Мы так часто спорили с тобой, то есть я лепетал свое, а ты терпела мой надоедливый лепет – ох, знаю уж! знаю! – о твоем Декарте, который «мыслил, следовательно, существовал». Он был такой премудрый, такой методичный, самобытный не без причуды философ, до него не бывало подобной четкости слога, подобной образованности и самобытности, и как же грубо он ошибся! Он думал, что тело делимо (так и есть), а душа, которую он называл разумом, неделима (что неверно), потому что такой ему нужна была эта проблематическая субстанция, чтобы прийти к достоверности и совершенству, а тем самым к богу. Однако стоит лишь сказать «я передумал» – и что ж, вот таким пустяком отменяется неделимость разума? Такая роковая брешь в плотине? А как быть с теми, кто сам с собой несогласен? Бедный Декарт! Его представление о личности было пустопорожней абстракцией. Не повезло ему: он жил до того, как была открыта сфера полнейшего расчленения, бессознательное. (То ли в Новом Орлеане, то ли в Париже одна женщина сказала мне: «Мы, французы, все как один холодные, рассудочные картезианцы, пока не влюбимся, а там уж становимся дураками не хуже других».) Любимая Нана, я считал и считаю, что наше сознание не просто раздельно, а сочленено, как соты, и ты вообще-то права, каждый все же в ответе перед некой неизменной цельностью. Мне это указание: я знаю, на что и на кого.

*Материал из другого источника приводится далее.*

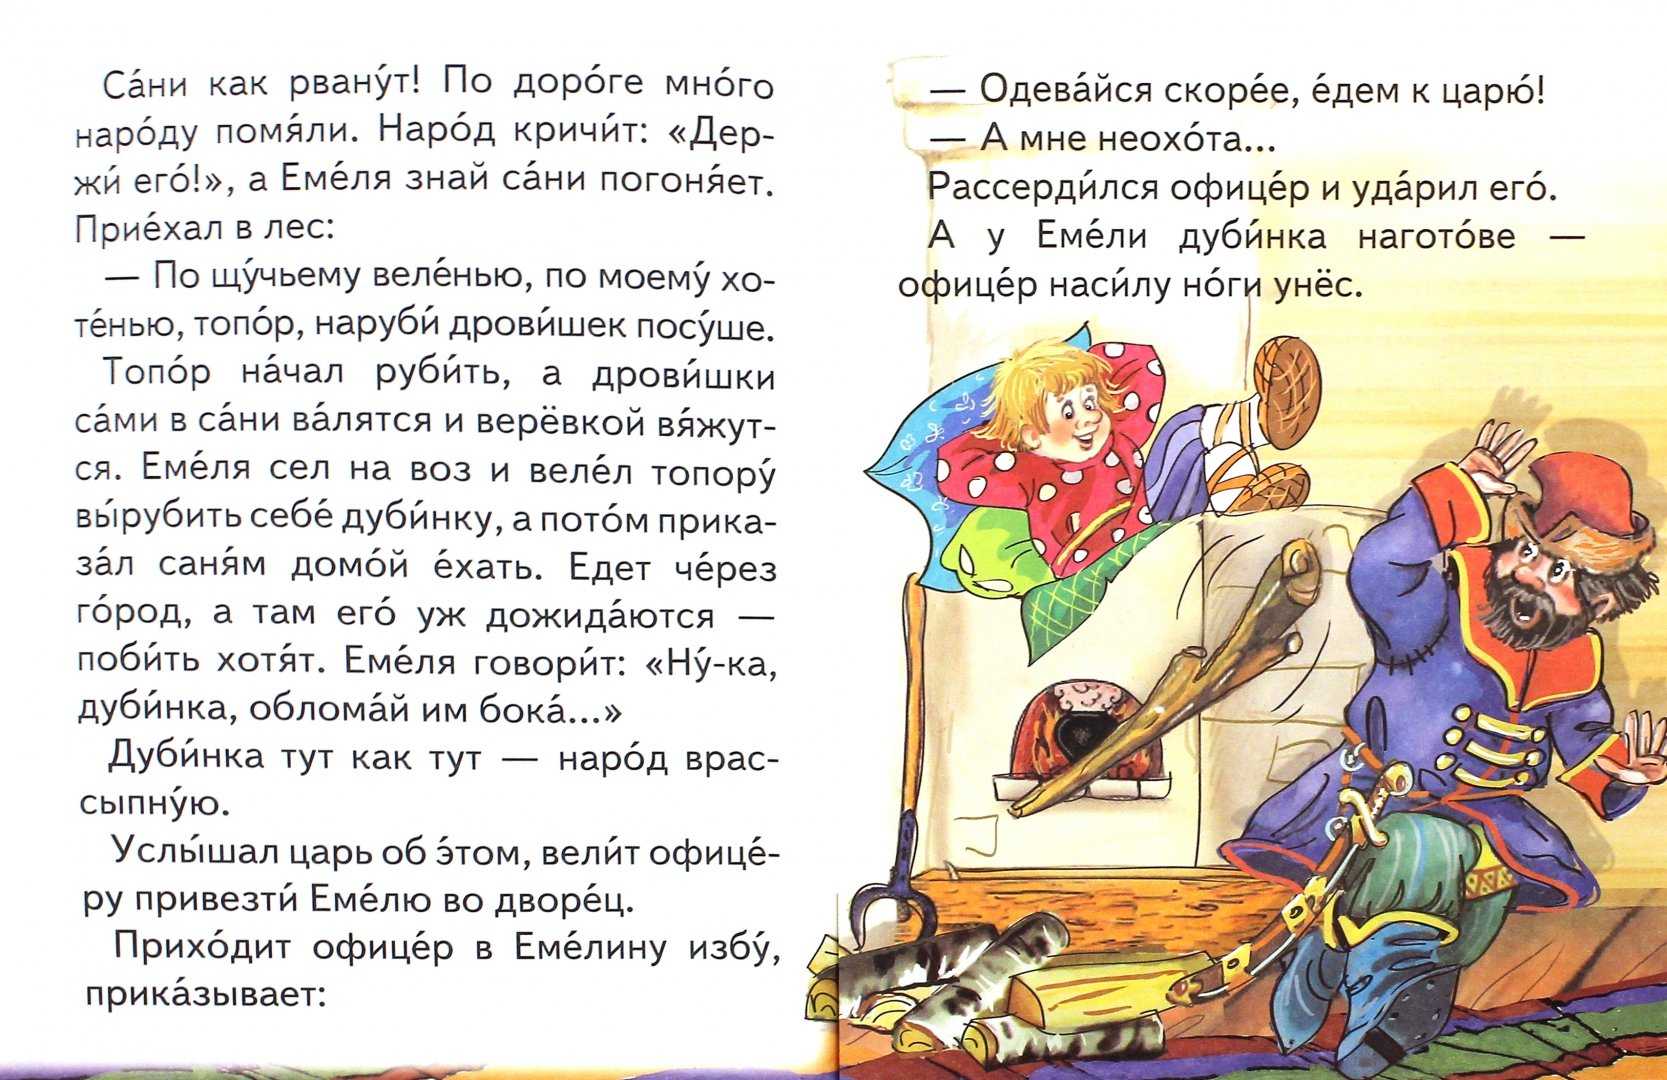 Читать сказку сказки о шише: шиш—сказочник - русская сказка, онлайн бесплатно с иллюстрациями.

На тайный голос, зазвучавший во мне с колыбели, и на мою любовь, то есть на тебя.

Спасибо тебе за все, и больше всего за то, что ты со мной не философствовала, а чувствовала, что открыла мне мое прошлое, что пошла со мной на проигрыш, что мы вместе любили друг друга.

Это, наверное, твоя машина заворачивает? Ciao! [70]70
  Прощай! (итал.)


[Закрыть]
Ползу, бегу, лечу.

Б. Б.

Подходящее для него последнее слово – «лечу». Он таял и таял – и стал крохотным, как комнатная моль, хотя разговаривал, как человек. Я давно уже перестала кормить его с малюсенькой медицинской ложечки и поить молоком из соски. Под конец я ухаживала за ним, точно за шелковичным червем на стадии куколки; он, правда, не развивался из личинки в бабочку, а завершал свое исчезновение из жизни, превращаясь в собственный призрак. В последний вечер он, обложенный ватой фантом в спичечном коробке, сверкал, как скарабей. Так теперь видится мне всякая комнатная моль с торчащими тоненькими сяжками над двумя парами крылышек, коричневых и бесцветных, узорчатых и невзрачных. Когда наутро, в день его рождения, я пришла снова полюбоваться его прелестью, коробок был пуст.